▶ Data for analysis
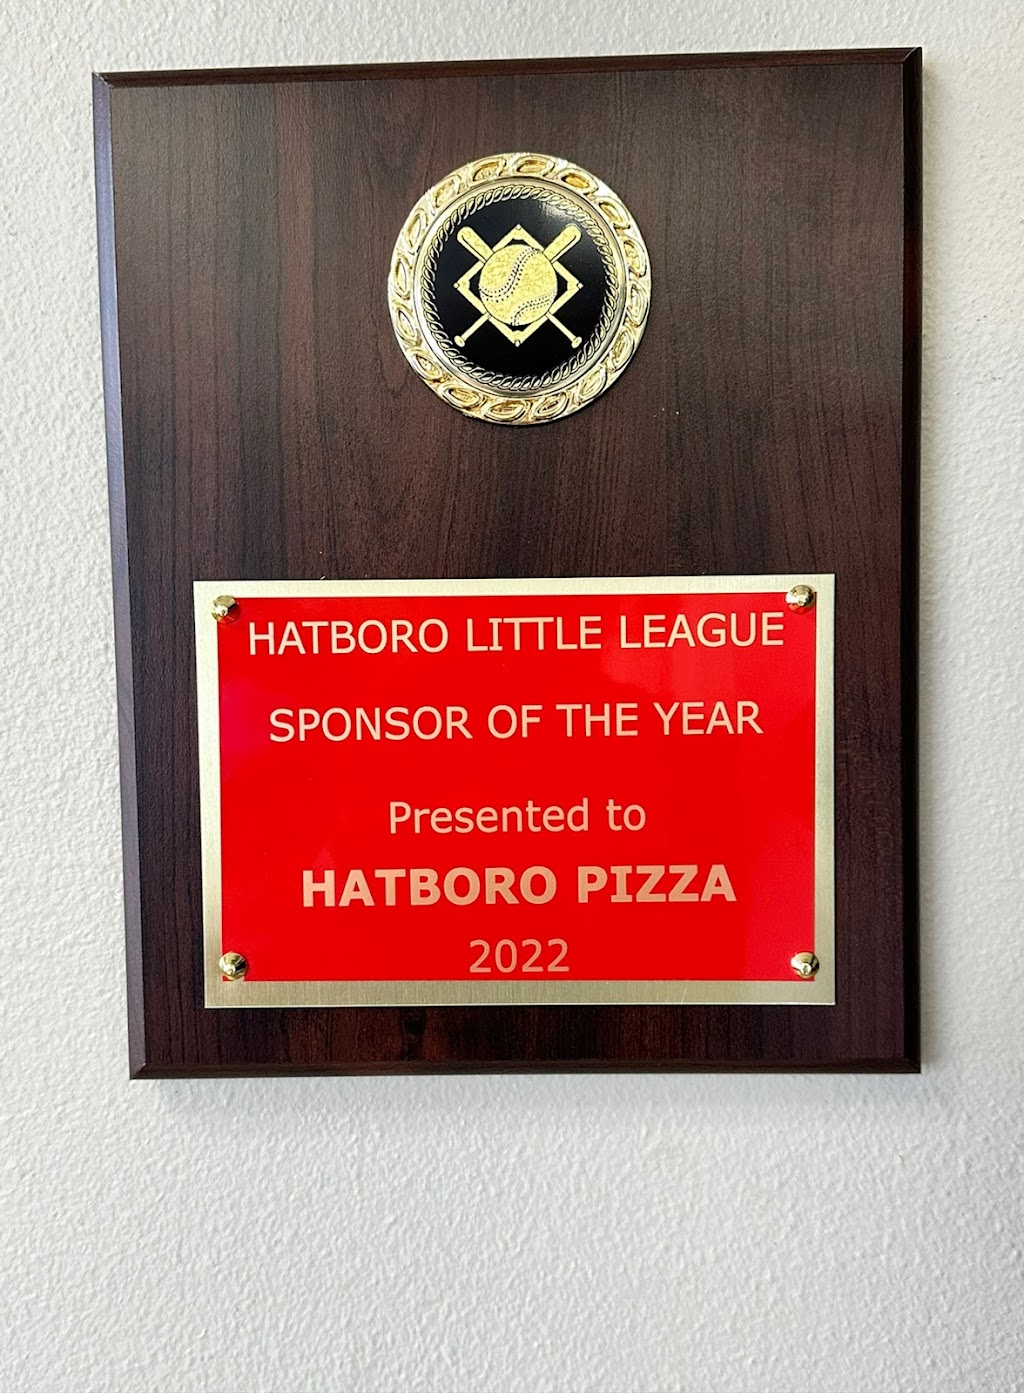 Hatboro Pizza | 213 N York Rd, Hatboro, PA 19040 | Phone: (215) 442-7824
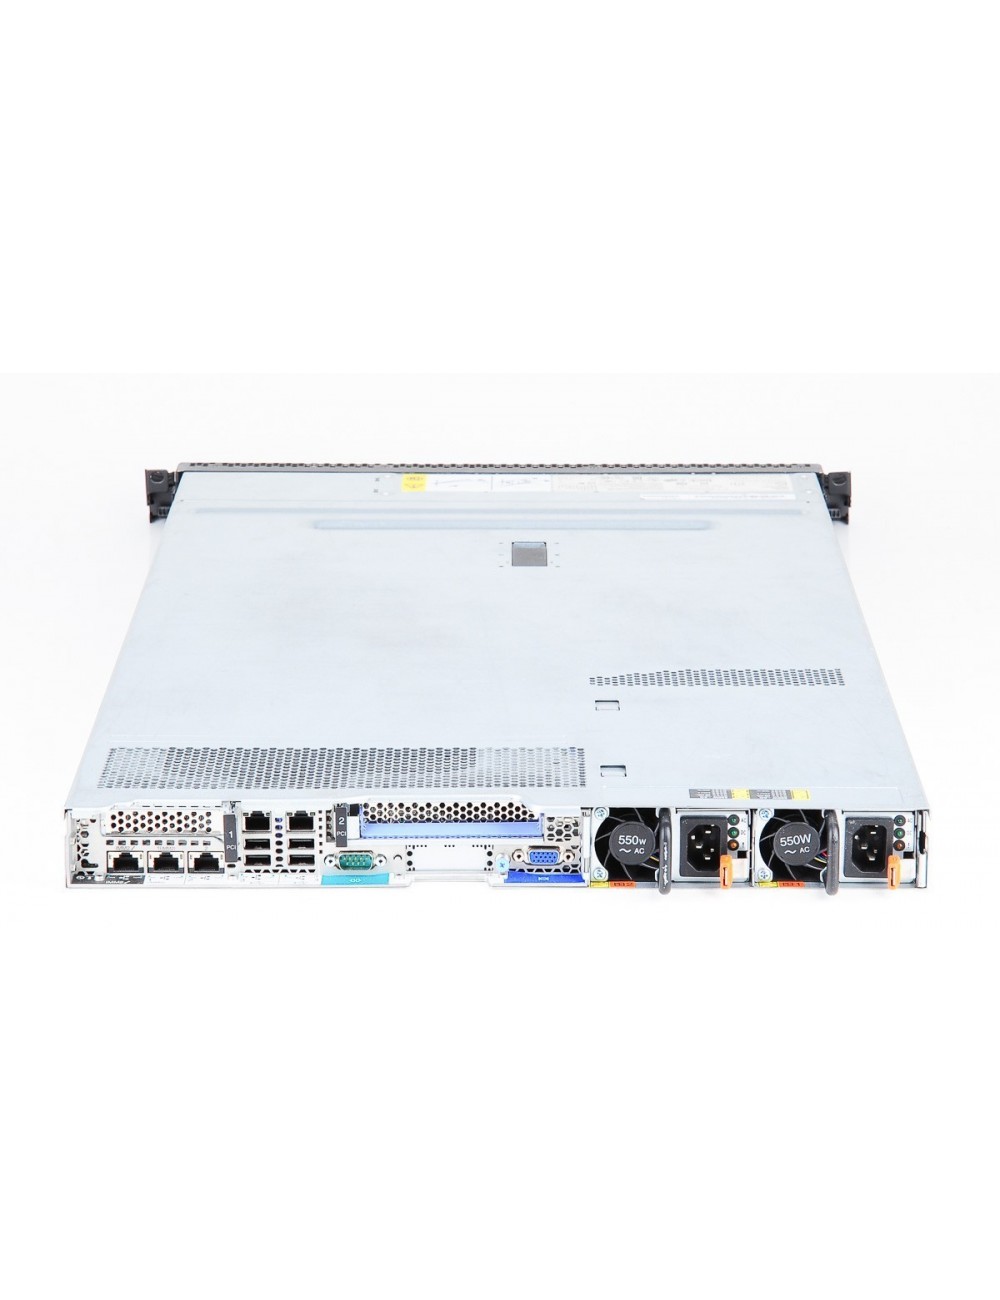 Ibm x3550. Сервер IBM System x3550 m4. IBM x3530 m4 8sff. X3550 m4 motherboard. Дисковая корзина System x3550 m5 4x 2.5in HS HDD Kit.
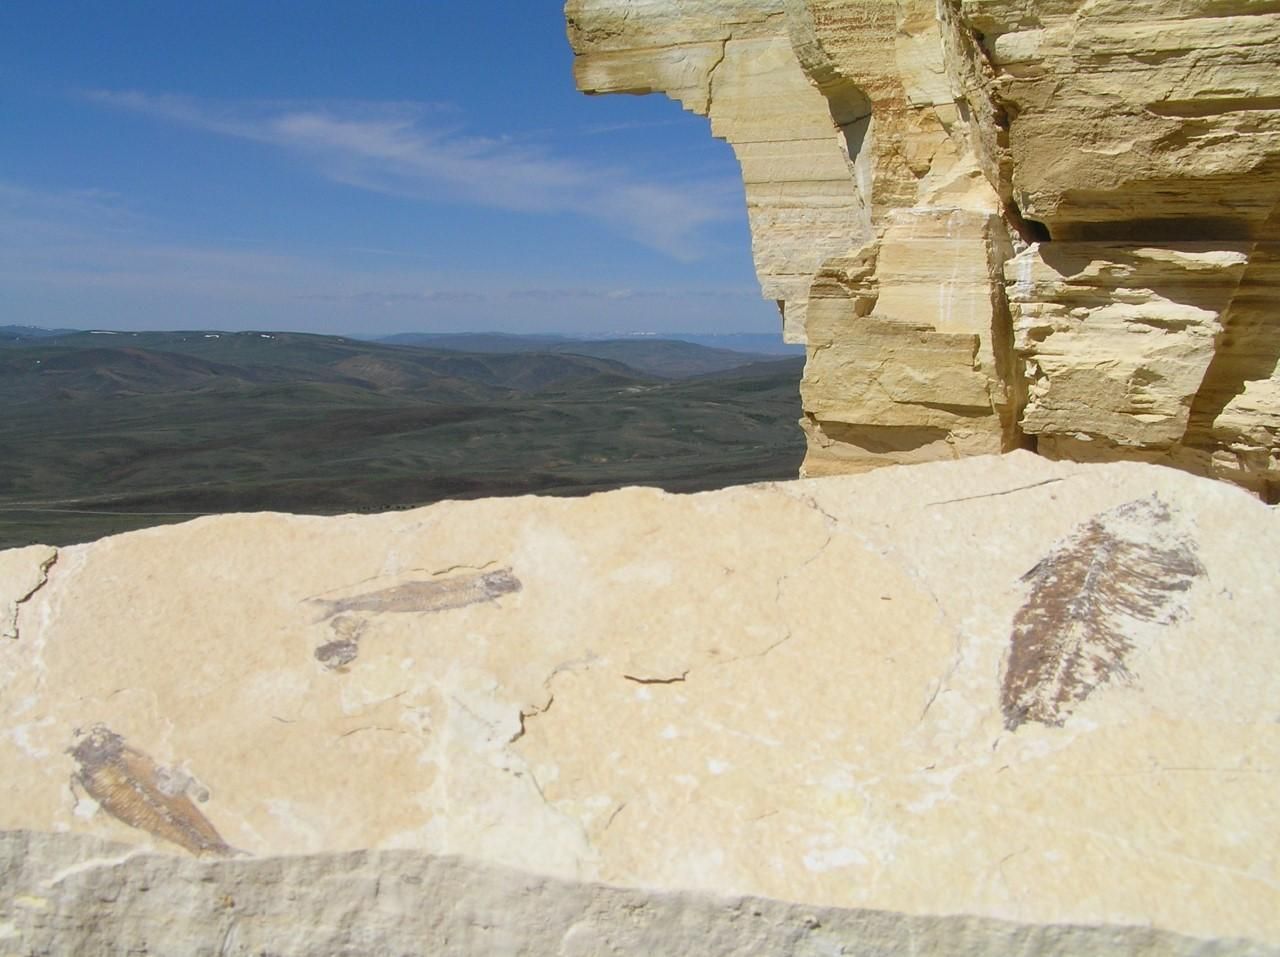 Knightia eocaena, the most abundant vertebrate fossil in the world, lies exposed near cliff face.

...

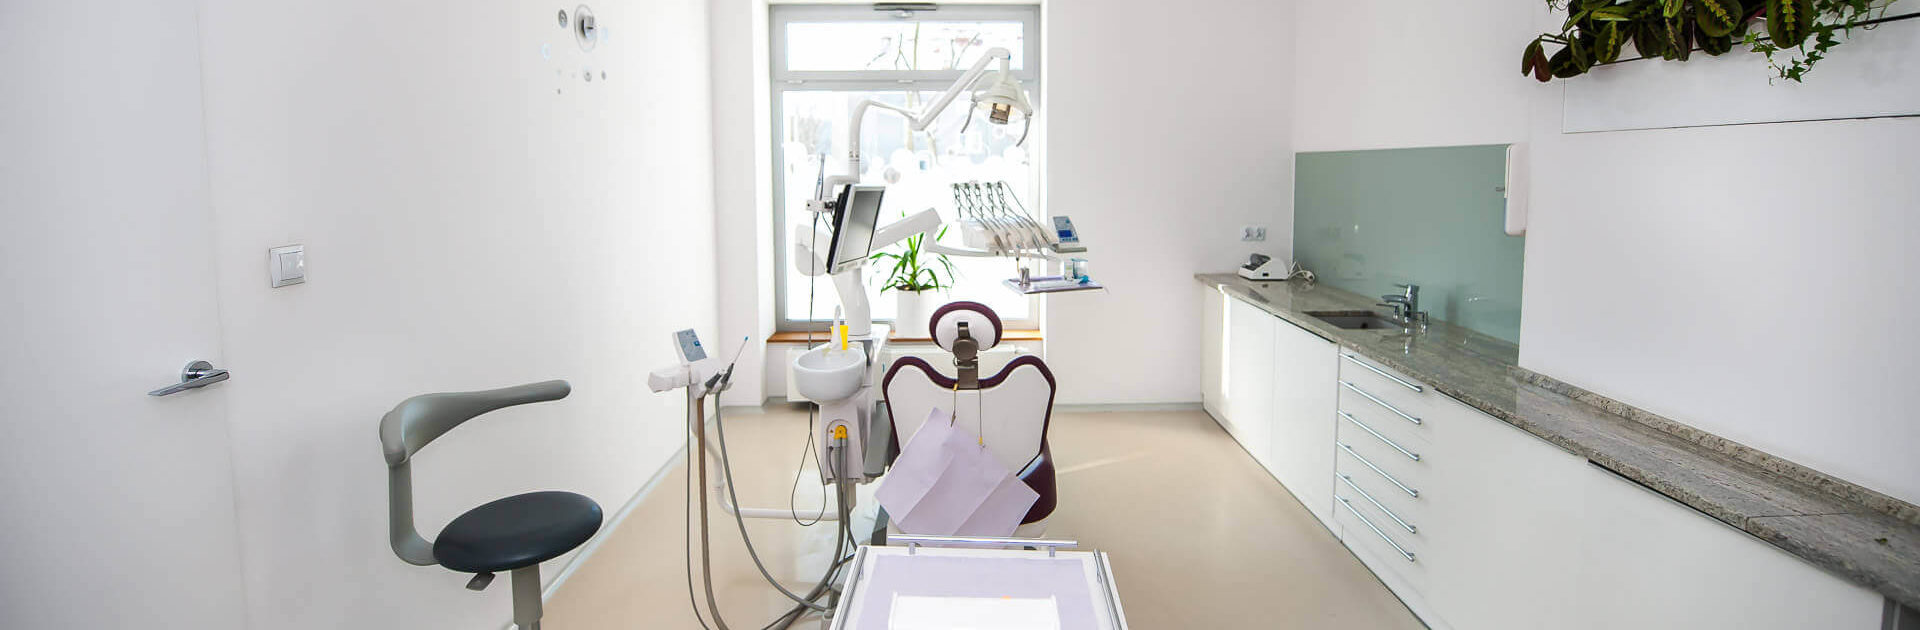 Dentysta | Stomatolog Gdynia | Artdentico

--

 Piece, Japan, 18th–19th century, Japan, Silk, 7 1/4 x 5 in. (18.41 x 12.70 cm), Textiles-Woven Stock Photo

▶ Work to complete
Within the listing above, write out the stretch from the line with "Hatboro Pizza |" through the line with "Knightia eocaena, the" exactly. Any pictures are to be left out.

▶ Written response
 Hatboro Pizza | 213 N York Rd, Hatboro, PA 19040 | Phone: (215) 442-7824
 Ibm x3550. Сервер IBM System x3550 m4. IBM x3530 m4 8sff. X3550 m4 motherboard. Дисковая корзина System x3550 m5 4x 2.5in HS HDD Kit.
 Knightia eocaena, the most abundant vertebrate fossil in the world, lies exposed near cliff face.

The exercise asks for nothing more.